Author | Robert Burns |
---|---|
Country | Great Britain |
Language | Scots |
Genre | Songs and Lyrics |
Publisher | James Johnson |
'Robert Burns's Interleaved Scots Musical Museum' or the 'Interleaved Glenriddell Manuscript'[1] is a set of four octavo volumes of James Johnson's The Scots Musical Museum in which Robert Burns provided additional material to the original publication on interleaved sheets and which he eventually gifted to Captain Robert Riddell (1755–94) of Friars Carse, Dumfries and Galloway, Scotland.
The Scots Musical Museum
Burns started collecting song material from 1787 to send to James Johnson's The Scots Musical Museum. This new project was one of his greatest achievement as a songwriter and collector. He is considered to have contributed a third (220) of his own compositions to the Museum of 600 songs.[2] Burns collected these songs from a wide variety of sources, often revising or expanding them, including much of his own work. The term Museum here made reference to the Muse of song or Euterpe,[2] inspiration for the lyrics of this, the greatest collection of Scots songs ever produced.[3]
Burns expended considerable energy on the project and whilst preparing for the 1792 expanded edition of his poems he still was able to supply 50 songs for the 'Museum' between 1790 and August 1792 as well as being credited with writing the Preface for the fourth volume issued on 13 August 1792.[4]

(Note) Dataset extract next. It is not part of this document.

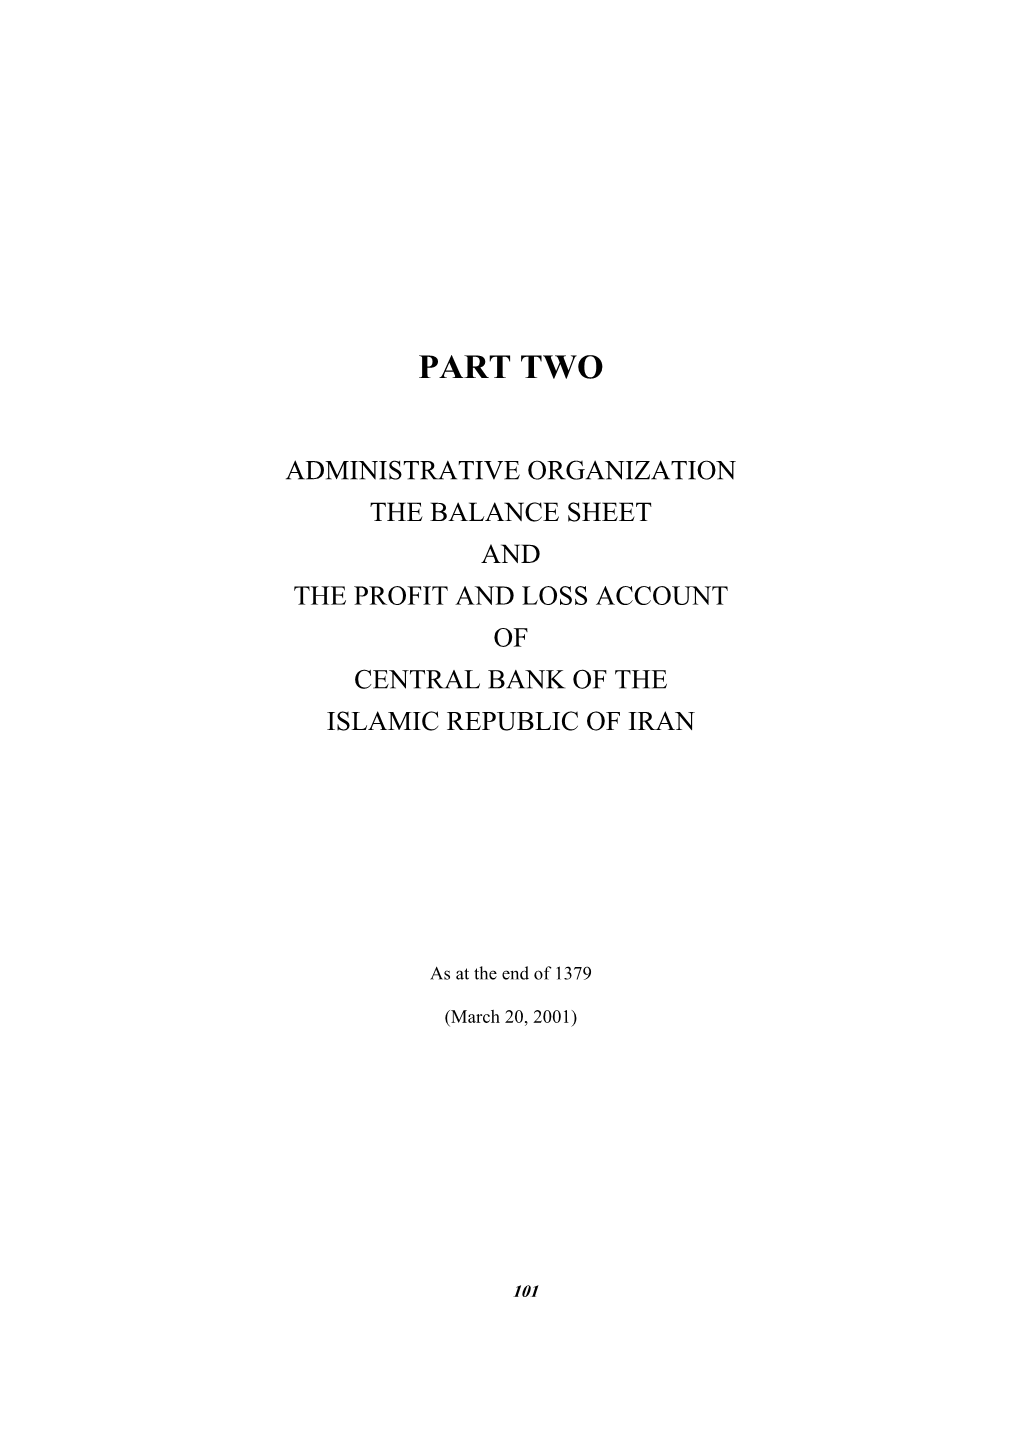 Part Two: Administrative Organization, the Balance Sheet and the Profit And
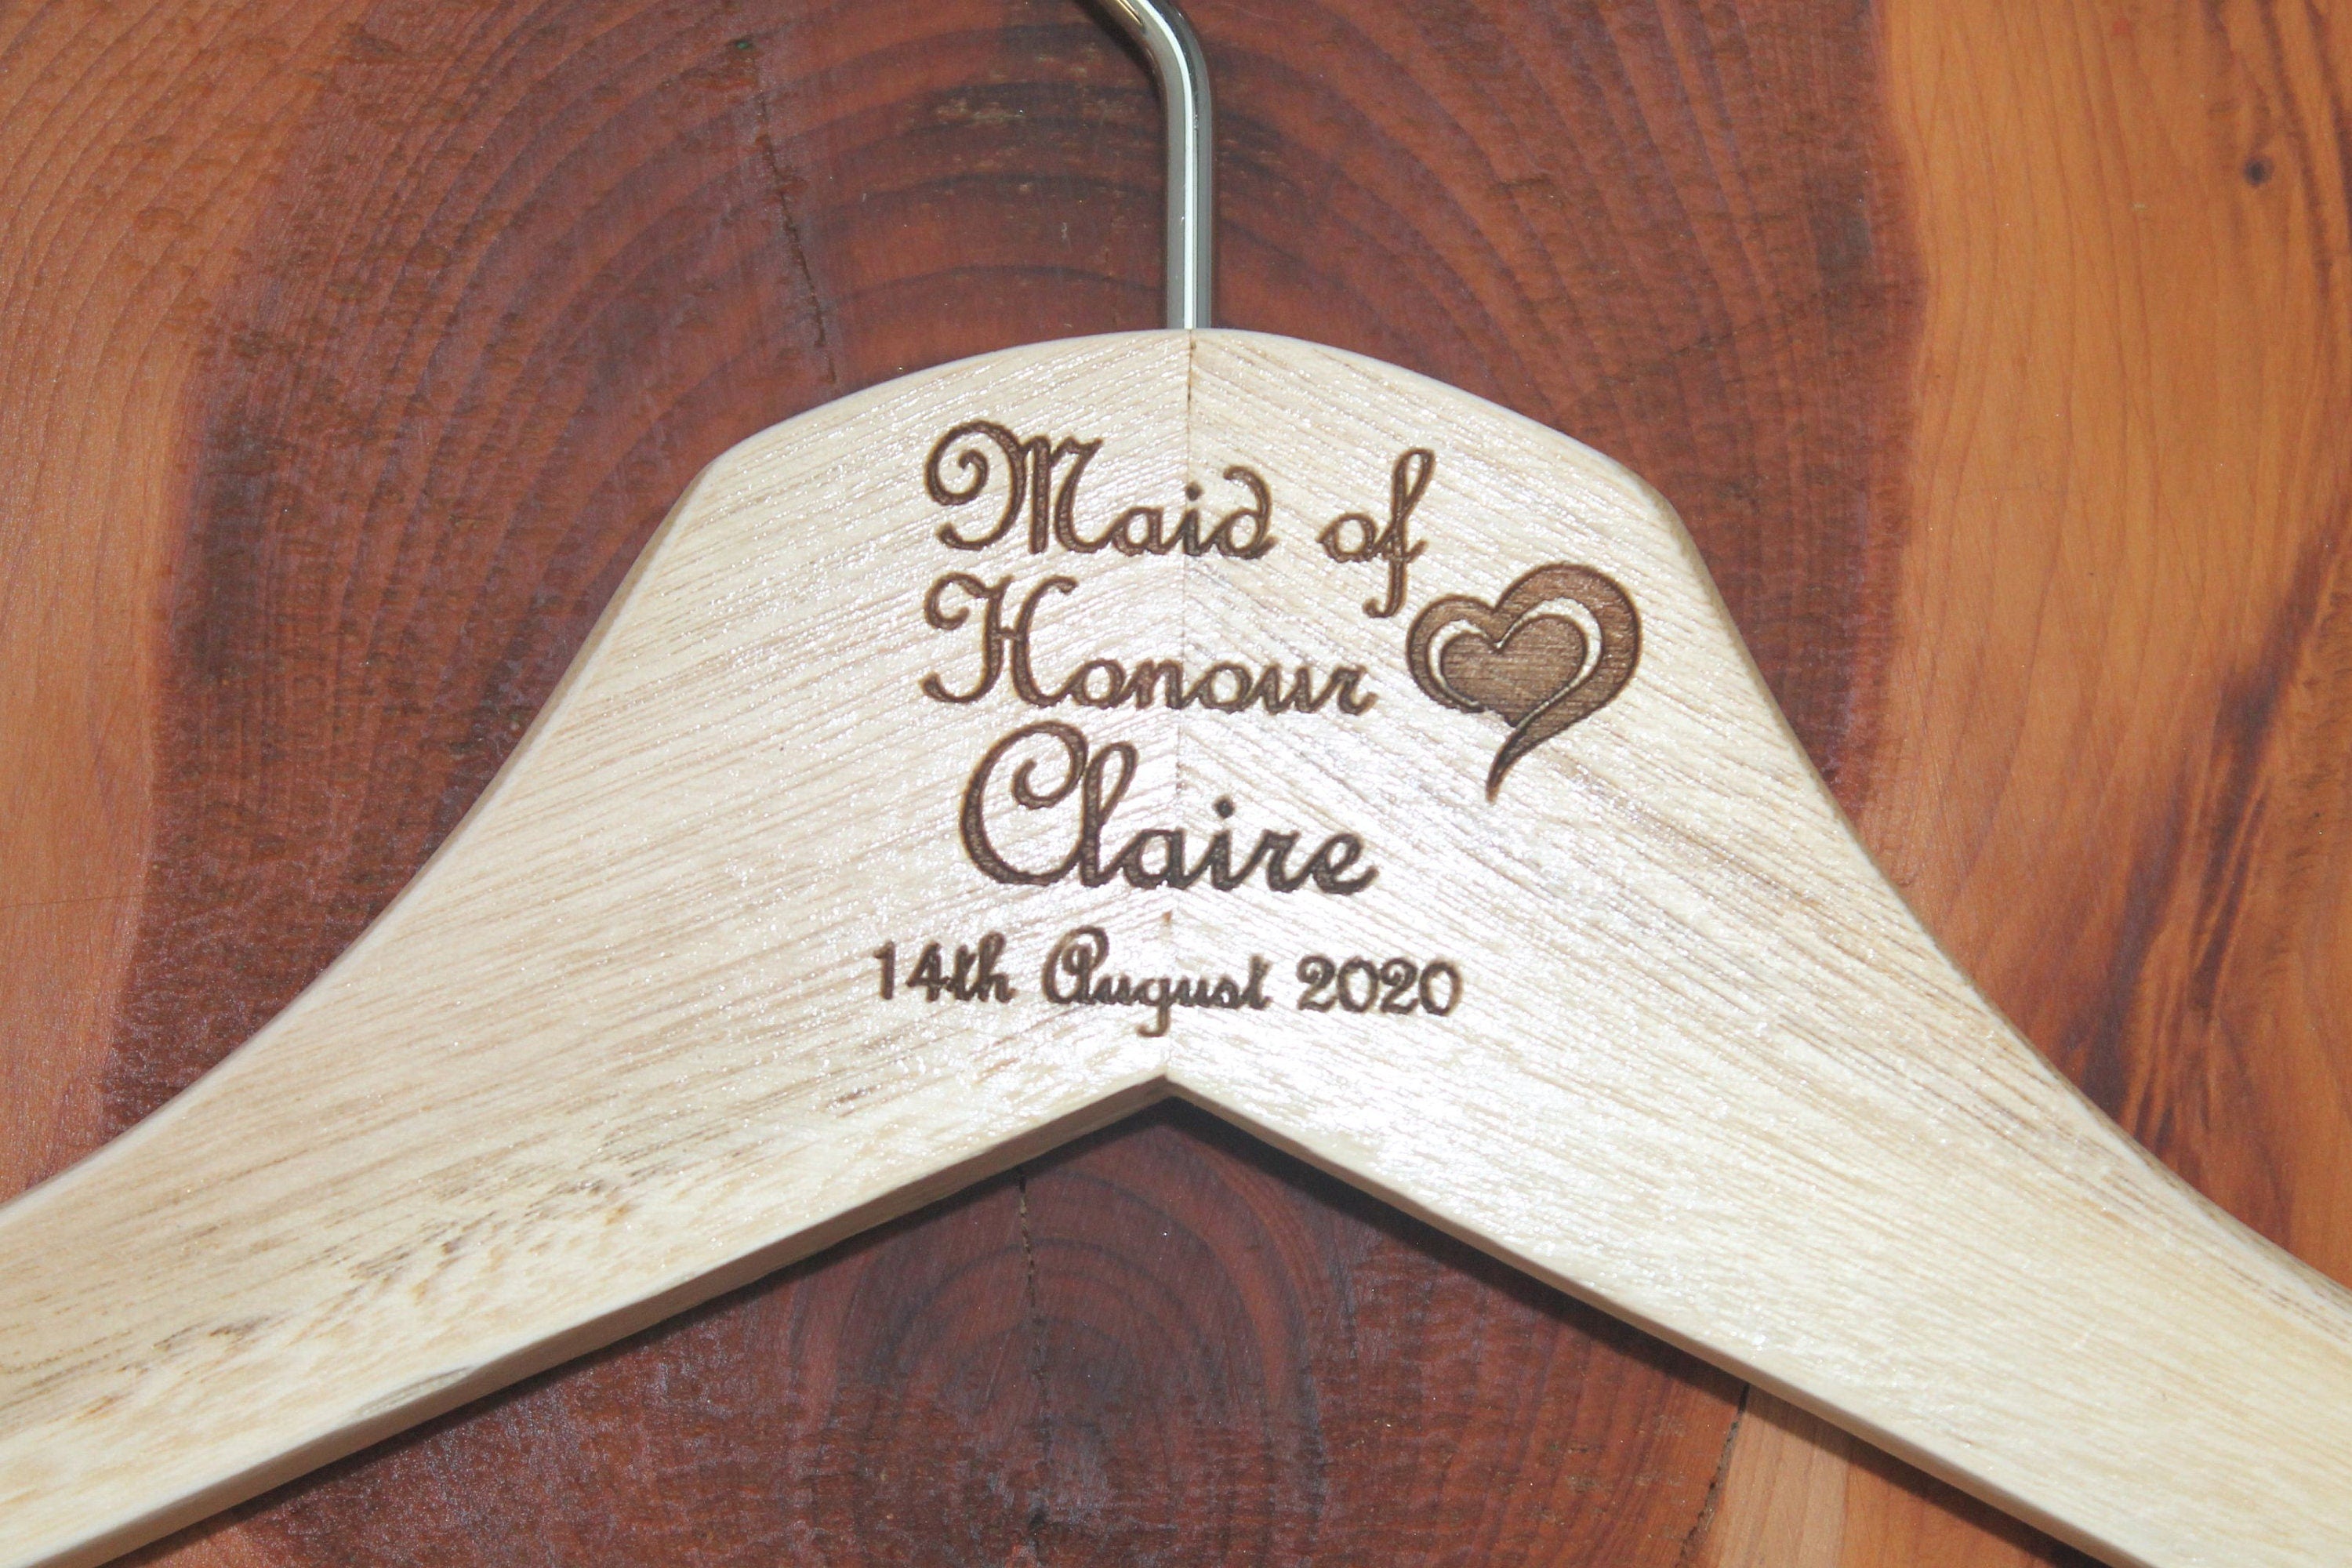 Personalised Bridal Wedding Hanger in Wood or White - Hanger Engraved Wedding Gift Bride, Bridesmaids and more - Deco Heart

Johnson had probably met Burns through their joint membership of the Crochallan Fencibles club however his first volume was already at the press at the time, but Burns still contributed four songs.[2]
The work, planned as a two volume set,[2] eventually became six volumes after considerable encouragement from Burns[3] and was published between 1787 and after Burns's death, volume six was issued in 1803. Acting as the effective editor Burns[3] also collected and 'restored' around fifty songs for the publication. The combination of innovation and his penchant for antiquarianism gave the work a lasting feeling of living tradition.
Although, as stated, Burns was effectively the editor,[3] Johnson was the official editor, engraver, printer and publisher; Stephen Clarke (1735–97) was the musical editor and William Clarke was the musical editor for Volume VI.[3]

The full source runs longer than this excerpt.